Coinbase posted a quarterly loss in the final three months of 2025—its first loss since the third quarter of 2023. A flight to gold has in part led to lower trading volumes and a selloff in the cryptocurrency market.
The San Francisco-based company endured a net loss of $666.7 million, or $2.49 per share, during the quarter ending Dec. 31, 2025. LSEG data shows many analysts estimate a profit of 55 cents per share.
Digital assets declined sharply over the quarter after reaching record highs in early October 2025. Bitcoin has almost halved since its Oct. 6 peak. Bitcoin fell below $82,000 in November 2025, an approximately 30 percent decline from its all-time high of $126,000 earlier that month, erasing the year’s gains.
“Crypto is cyclical, and experience tells us it’s never as good, or as bad as it seems,” Coinbase said in its shareholder letter published on Feb. 12.
In February 2025, the market lost $800 billion in market capitalization before a slight rebound. Bitcoin recovered to more than $86,000 by late that month. The sector has remained in a bear market despite a White House supportive of digital assets.

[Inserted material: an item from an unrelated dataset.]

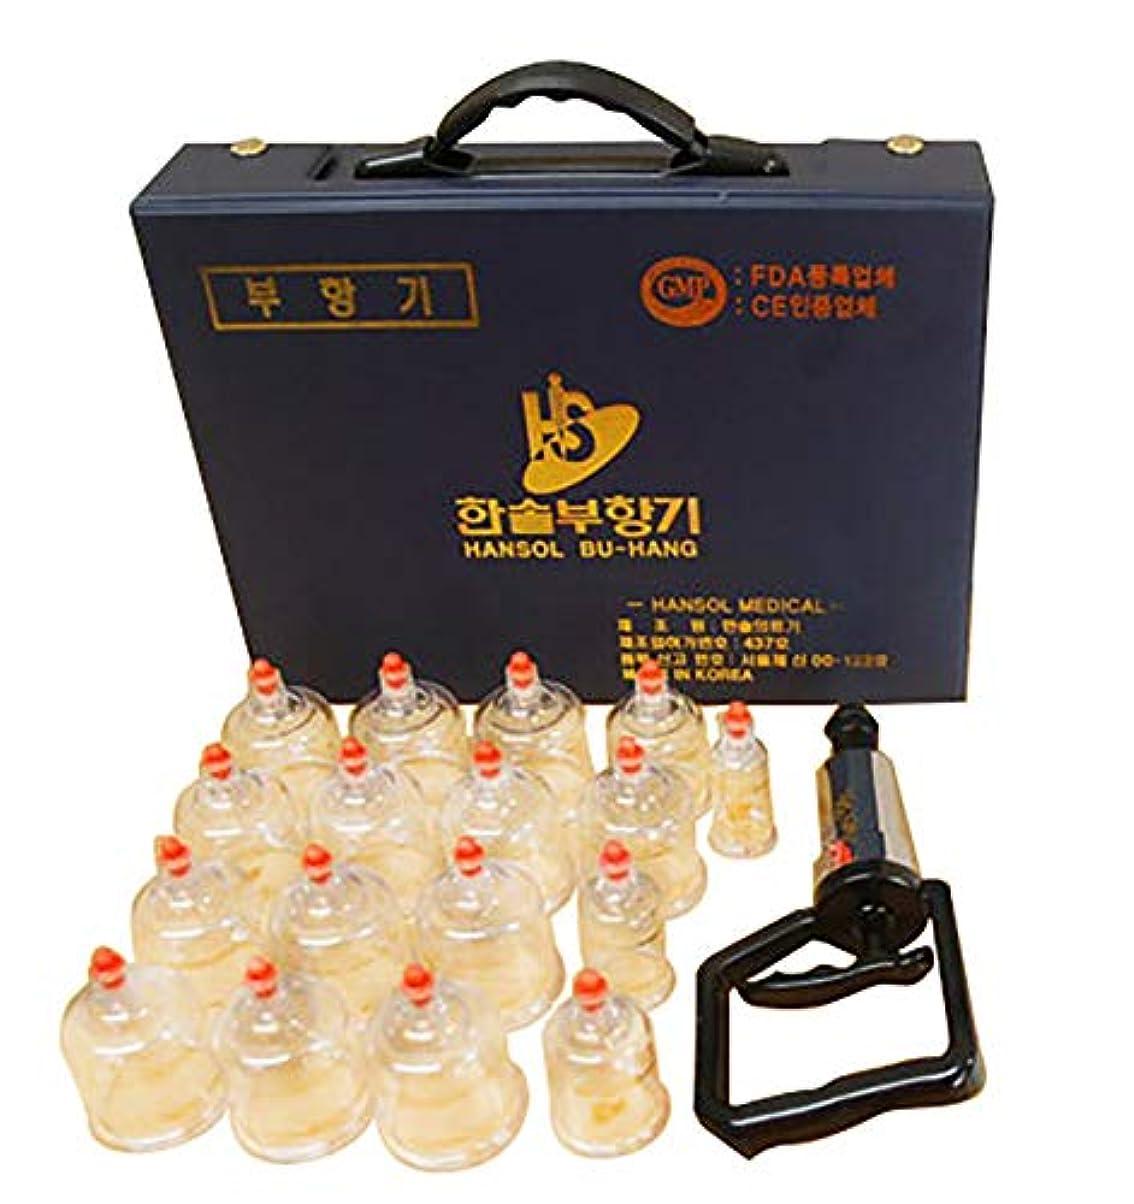 パレード野望取得する中国四千年の健康法「吸玉」がご家庭で手軽にできる!ハンソルメディカル ブハン カッピングカップ17個セット
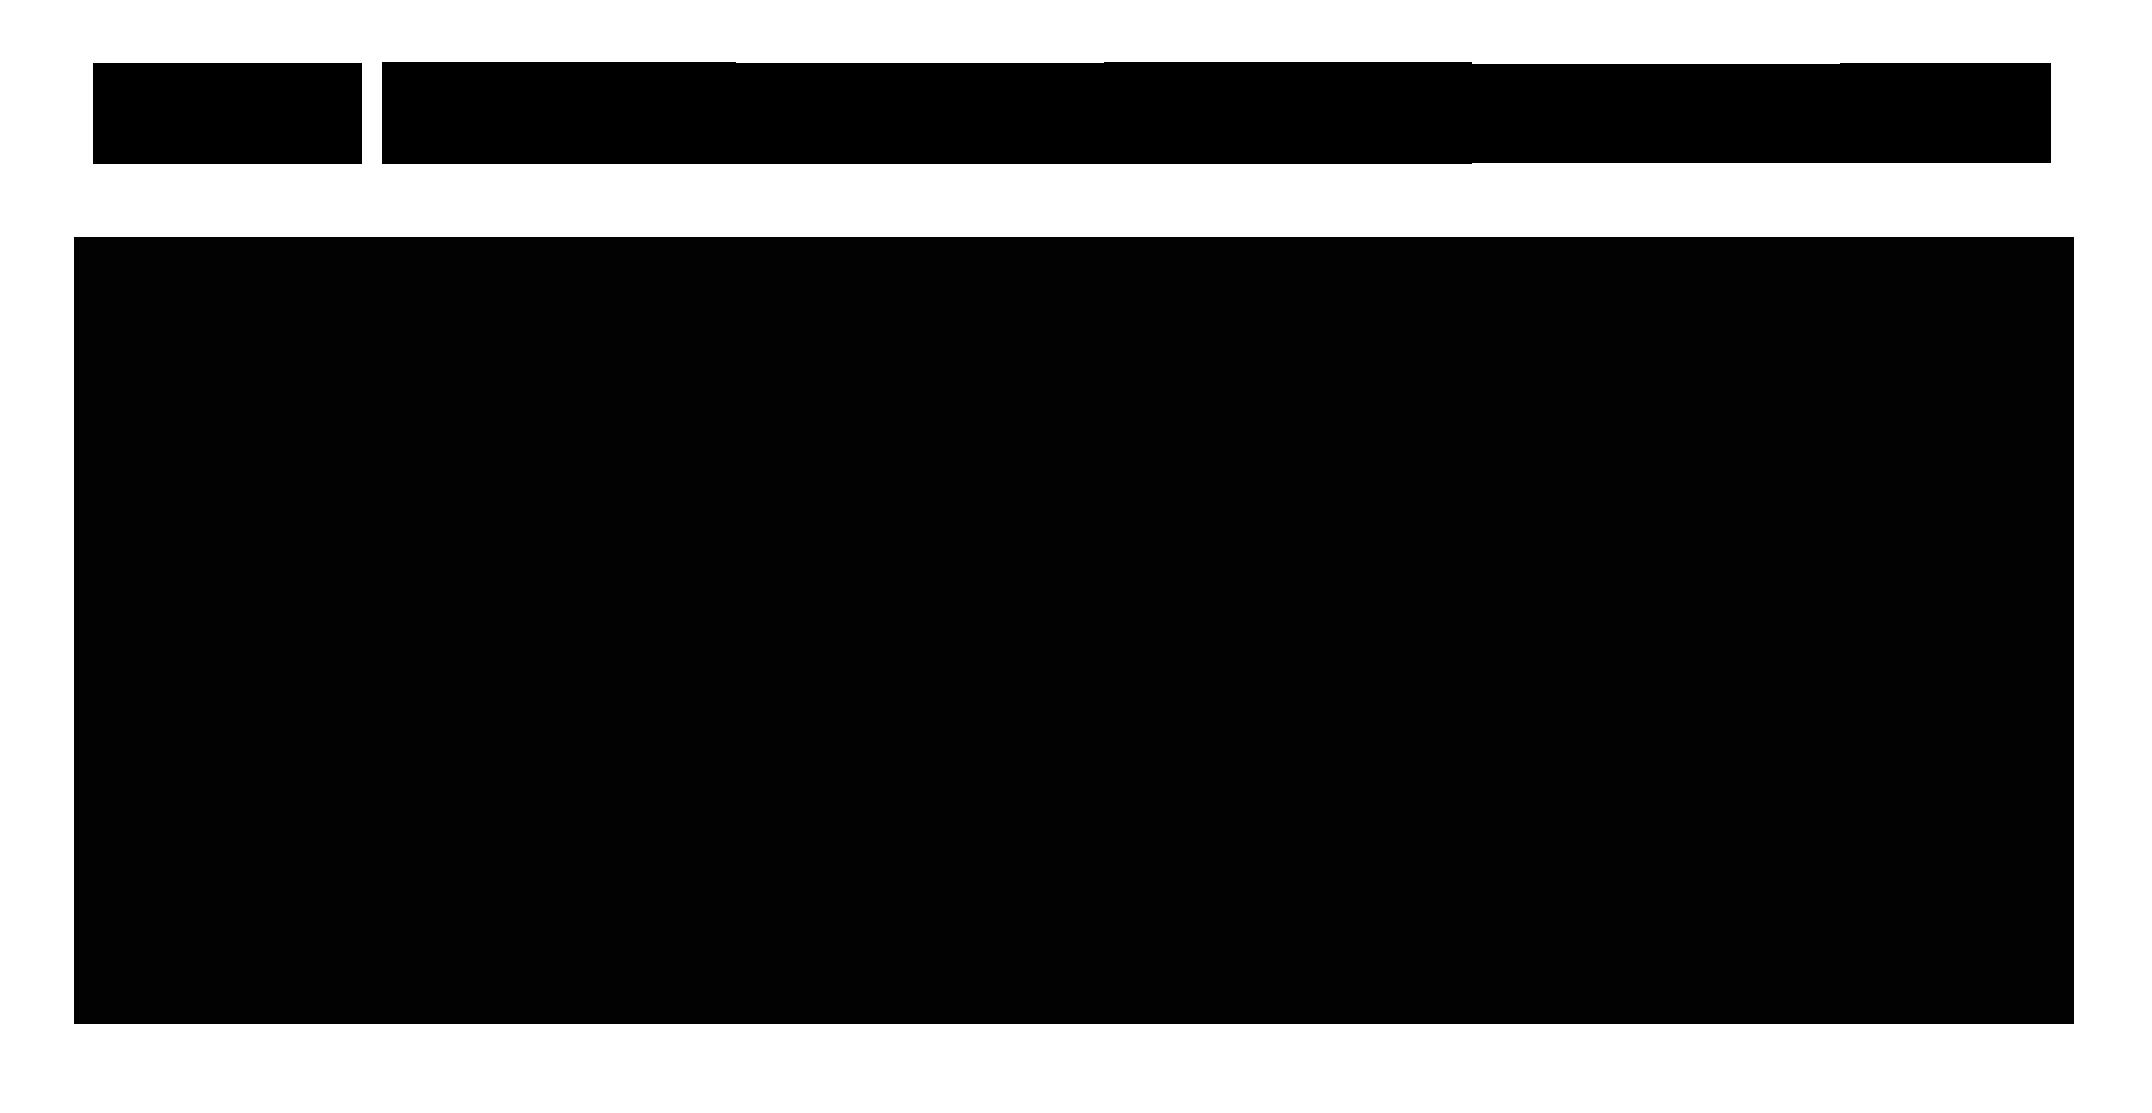 AIFVF.png

Investor divestment from spot bitcoin exchange-traded funds (ETFs), which drove much of the rally in 2025, helped to fuel the decline.
U.S. spot bitcoin ETFs demonstrated net withdrawals of $7 billion in November 2025, $2 billion in December 2025, and more than $3 billion in January.
Coinbase’s transaction revenue plummeted to $982.7 million from $1.56 billion a year prior, largely due to the more than 45 percent drop in consumer transaction revenue. The company’s shares climbed 1.2 percent in volatile after-hours trading. They are down nearly 40 percent for the year.
Offsetting some of the pain, subscription and services revenue grew 13.5 percent to $727.4 million, driven by expansion in stablecoin operations. Stablecoin revenue surged to $364.1 million from $225.9 million.
Stablecoins, digital tokens representing traditional assets such as the U.S. dollar or government debt, have been hyped as a modern rail for traditional finance. Coinbase earns revenue from USDC, a stablecoin issued in partnership with New York-based payments technology company Circle. USDC generates interest on the underlying U.S. dollar reserves.
The Trump administration has positioned stablecoins as an alternative to Central Bank Digital Currencies as well as a way to defend dollar supremacy.
The GENIUS Act, previously the Guiding and Establishing National Innovation for U.S. Stablecoins Act, was signed into law by President [Donald] Trump in July 2025 after passing the House 308–222 and the Senate in a bipartisan vote.
The legislation creates a federal framework for stablecoins, requiring 100 percent reserve backing, consumer safeguards, audit standards, and boundaries to prevent rehypothecation.
Coinbase withdrew its support for the Clarity Act, designed to create comprehensive federal rules for digital assets, criticizing restrictions on stablecoin rewards and other provisions. The bill remains delayed.
A White House meeting earlier this month did not resolve disagreements between major U.S. banks and cryptocurrency firms.
Correction: A previous version of this article misstated in the headline the value of the Q4 loss. The Epoch Times regrets the error.